/---
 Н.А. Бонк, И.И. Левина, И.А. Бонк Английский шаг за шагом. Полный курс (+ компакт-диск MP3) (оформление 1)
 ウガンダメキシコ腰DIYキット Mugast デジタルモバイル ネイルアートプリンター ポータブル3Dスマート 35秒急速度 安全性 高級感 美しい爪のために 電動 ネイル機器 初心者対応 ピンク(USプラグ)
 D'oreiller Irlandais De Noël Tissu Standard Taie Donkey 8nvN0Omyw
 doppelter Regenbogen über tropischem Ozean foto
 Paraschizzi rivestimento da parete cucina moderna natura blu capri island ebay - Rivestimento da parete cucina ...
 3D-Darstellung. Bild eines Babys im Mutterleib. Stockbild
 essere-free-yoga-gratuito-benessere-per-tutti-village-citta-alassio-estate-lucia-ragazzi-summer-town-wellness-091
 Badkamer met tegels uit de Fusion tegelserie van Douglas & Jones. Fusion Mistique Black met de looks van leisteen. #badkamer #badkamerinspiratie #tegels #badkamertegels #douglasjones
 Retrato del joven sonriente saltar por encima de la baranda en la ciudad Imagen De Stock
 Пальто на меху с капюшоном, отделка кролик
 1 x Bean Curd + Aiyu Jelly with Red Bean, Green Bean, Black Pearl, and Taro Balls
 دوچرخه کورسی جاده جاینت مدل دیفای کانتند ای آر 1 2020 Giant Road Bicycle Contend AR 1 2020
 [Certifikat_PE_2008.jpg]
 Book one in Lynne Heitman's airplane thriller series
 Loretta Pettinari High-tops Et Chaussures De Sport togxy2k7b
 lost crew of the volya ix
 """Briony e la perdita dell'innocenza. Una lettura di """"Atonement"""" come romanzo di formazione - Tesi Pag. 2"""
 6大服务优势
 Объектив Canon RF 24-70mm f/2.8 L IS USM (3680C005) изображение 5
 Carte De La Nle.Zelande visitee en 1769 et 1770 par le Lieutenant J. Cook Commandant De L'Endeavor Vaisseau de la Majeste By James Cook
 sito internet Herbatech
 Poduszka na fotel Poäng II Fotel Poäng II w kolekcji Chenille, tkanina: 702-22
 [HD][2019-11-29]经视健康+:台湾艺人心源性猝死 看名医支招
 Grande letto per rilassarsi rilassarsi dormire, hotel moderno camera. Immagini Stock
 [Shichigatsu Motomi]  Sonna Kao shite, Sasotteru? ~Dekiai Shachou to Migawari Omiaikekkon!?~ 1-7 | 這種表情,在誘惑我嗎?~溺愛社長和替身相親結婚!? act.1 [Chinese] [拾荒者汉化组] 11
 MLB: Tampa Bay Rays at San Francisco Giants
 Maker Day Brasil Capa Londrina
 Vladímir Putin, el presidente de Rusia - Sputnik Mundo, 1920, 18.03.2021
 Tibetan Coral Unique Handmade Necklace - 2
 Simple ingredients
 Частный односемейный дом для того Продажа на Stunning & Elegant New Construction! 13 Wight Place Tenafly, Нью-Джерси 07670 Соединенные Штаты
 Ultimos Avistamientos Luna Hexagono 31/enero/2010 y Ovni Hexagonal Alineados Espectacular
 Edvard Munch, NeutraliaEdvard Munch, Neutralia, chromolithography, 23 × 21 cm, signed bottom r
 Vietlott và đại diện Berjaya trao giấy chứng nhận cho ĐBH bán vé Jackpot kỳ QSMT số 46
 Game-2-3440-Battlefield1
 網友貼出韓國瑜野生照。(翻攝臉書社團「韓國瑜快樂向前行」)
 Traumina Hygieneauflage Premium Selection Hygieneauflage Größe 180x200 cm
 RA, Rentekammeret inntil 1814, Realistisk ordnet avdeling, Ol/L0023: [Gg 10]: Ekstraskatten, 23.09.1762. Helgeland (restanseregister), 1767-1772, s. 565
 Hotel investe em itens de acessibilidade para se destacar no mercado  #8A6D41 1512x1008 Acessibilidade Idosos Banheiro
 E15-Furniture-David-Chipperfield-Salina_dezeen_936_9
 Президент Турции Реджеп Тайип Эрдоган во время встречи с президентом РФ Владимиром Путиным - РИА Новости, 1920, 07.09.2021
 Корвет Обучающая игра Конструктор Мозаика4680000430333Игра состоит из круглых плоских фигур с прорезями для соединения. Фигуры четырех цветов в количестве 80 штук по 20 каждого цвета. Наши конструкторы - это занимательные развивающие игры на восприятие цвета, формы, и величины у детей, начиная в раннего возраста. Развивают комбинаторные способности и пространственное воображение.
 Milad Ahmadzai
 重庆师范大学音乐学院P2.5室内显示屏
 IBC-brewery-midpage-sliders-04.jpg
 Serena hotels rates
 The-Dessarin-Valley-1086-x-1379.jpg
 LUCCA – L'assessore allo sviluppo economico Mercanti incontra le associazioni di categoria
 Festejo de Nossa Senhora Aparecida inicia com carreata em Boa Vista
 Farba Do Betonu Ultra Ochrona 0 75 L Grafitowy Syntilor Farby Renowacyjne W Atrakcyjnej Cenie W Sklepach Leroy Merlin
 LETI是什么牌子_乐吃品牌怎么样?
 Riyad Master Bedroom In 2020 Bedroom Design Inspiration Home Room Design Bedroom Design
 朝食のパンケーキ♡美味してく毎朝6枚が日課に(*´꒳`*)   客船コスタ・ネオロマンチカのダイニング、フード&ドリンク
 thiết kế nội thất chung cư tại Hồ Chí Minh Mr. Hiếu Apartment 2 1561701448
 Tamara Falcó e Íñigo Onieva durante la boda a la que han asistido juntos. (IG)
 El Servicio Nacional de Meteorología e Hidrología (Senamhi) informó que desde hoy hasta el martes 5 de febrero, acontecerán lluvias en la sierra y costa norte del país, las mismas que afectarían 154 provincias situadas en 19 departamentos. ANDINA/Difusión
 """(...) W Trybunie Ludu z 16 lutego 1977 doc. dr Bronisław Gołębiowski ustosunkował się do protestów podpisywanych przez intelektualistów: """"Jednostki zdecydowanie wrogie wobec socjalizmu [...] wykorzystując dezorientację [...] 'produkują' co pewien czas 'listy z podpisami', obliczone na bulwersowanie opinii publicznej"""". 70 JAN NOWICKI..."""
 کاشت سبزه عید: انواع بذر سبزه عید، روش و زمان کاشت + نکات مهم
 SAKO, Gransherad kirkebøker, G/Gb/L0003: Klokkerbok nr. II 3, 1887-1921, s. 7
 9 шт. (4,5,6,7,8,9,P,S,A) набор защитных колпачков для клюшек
\---
* **What to produce**
The expected answer is an exact copy of the lines above, beginning at the line with "Edvard Munch, NeutraliaEdvard" and ending at the line with "Riyad Master Bedroom", with both ends in.

* **Response for this exercise**
 Edvard Munch, NeutraliaEdvard Munch, Neutralia, chromolithography, 23 × 21 cm, signed bottom r
 Vietlott và đại diện Berjaya trao giấy chứng nhận cho ĐBH bán vé Jackpot kỳ QSMT số 46
 Game-2-3440-Battlefield1
 網友貼出韓國瑜野生照。(翻攝臉書社團「韓國瑜快樂向前行」)
 Traumina Hygieneauflage Premium Selection Hygieneauflage Größe 180x200 cm
 RA, Rentekammeret inntil 1814, Realistisk ordnet avdeling, Ol/L0023: [Gg 10]: Ekstraskatten, 23.09.1762. Helgeland (restanseregister), 1767-1772, s. 565
 Hotel investe em itens de acessibilidade para se destacar no mercado  #8A6D41 1512x1008 Acessibilidade Idosos Banheiro
 E15-Furniture-David-Chipperfield-Salina_dezeen_936_9
 Президент Турции Реджеп Тайип Эрдоган во время встречи с президентом РФ Владимиром Путиным - РИА Новости, 1920, 07.09.2021
 Корвет Обучающая игра Конструктор Мозаика4680000430333Игра состоит из круглых плоских фигур с прорезями для соединения. Фигуры четырех цветов в количестве 80 штук по 20 каждого цвета. Наши конструкторы - это занимательные развивающие игры на восприятие цвета, формы, и величины у детей, начиная в раннего возраста. Развивают комбинаторные способности и пространственное воображение.
 Milad Ahmadzai
 重庆师范大学音乐学院P2.5室内显示屏
 IBC-brewery-midpage-sliders-04.jpg
 Serena hotels rates
 The-Dessarin-Valley-1086-x-1379.jpg
 LUCCA – L'assessore allo sviluppo economico Mercanti incontra le associazioni di categoria
 Festejo de Nossa Senhora Aparecida inicia com carreata em Boa Vista
 Farba Do Betonu Ultra Ochrona 0 75 L Grafitowy Syntilor Farby Renowacyjne W Atrakcyjnej Cenie W Sklepach Leroy Merlin
 LETI是什么牌子_乐吃品牌怎么样?
 Riyad Master Bedroom In 2020 Bedroom Design Inspiration Home Room Design Bedroom Design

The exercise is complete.